The Bush Administration argues that the spread of
democracy in the Middle East is the only way to defeat the
terrorist ideology of Osama bin Laden. President Bush may be right.
But radical Islam has a great appeal. For true believers, the
Islamic vision of a pure and righteous society makes democracy look
like a fool's errand. For them, a free election is the enemy of
spiritual devotion.
US foreign policy could benefit from a little more realism-the
faith-based realism of thinkers such as CS Lewis.
In the years following the Second World War, Lewis wrote a great
deal about the problem of evil in the modern world. In fictional
works such as the The Great Divorce and The Screwtape
Letters, for example, he suggests that hell is populated with
lots of "religious" people. They're often the characters who can't
tolerate anyone whose spiritual ideals differ from their own.
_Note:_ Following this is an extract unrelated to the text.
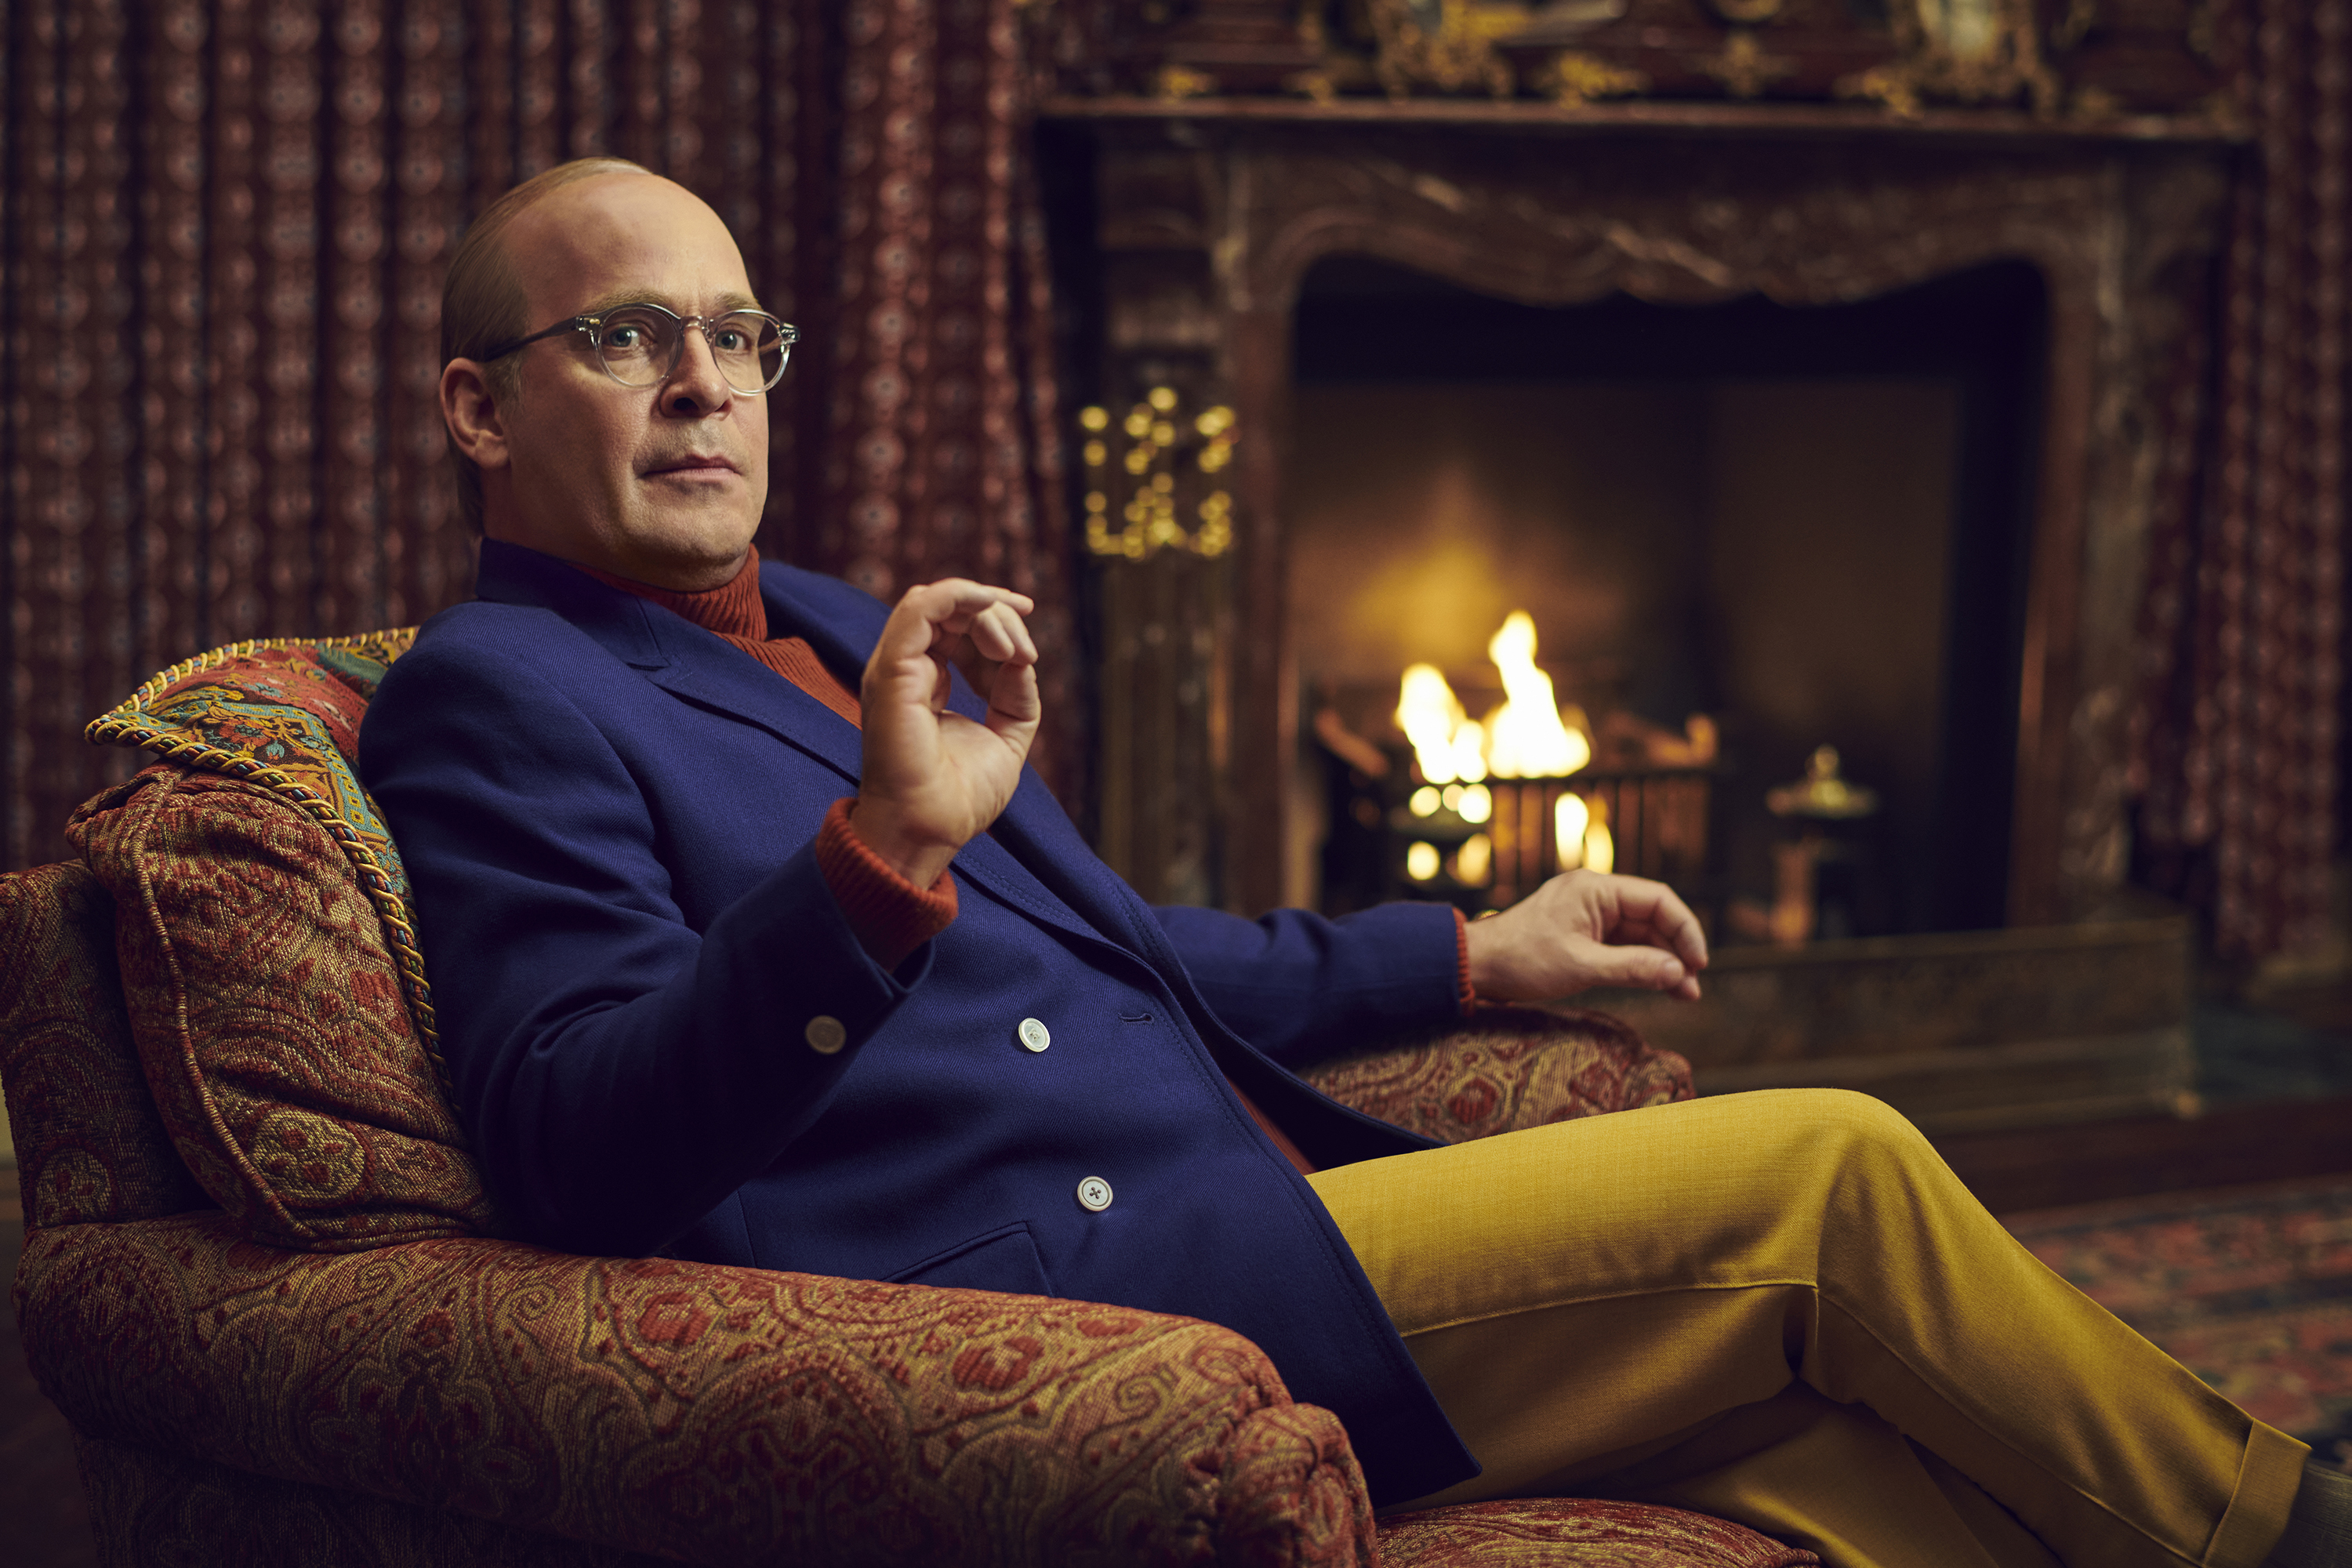 Tom Hollander as Truman Capote in a lounge chair, mustard slacks and a blue jacket from FX’s Feud: Capote vs. The Swans

The lost souls in Lewis' works sound a lot like the extremists in
Iraq: the wickedness of other religions is their gospel;
self-righteousness is their liturgy. As the demonic character of
Screwtape explains it, "Nowhere do we tempt so successfully as on
the very steps of the altar."
Another insight from CS Lewis seems even more on point-what he
called the passion for the "Inner Ring." By this he meant an
unhealthy desire to belong: a dark ambition to move in the
right circles and to win praise from the right kinds of people.
Lewis saw this as a kind of spiritual longing gone sour.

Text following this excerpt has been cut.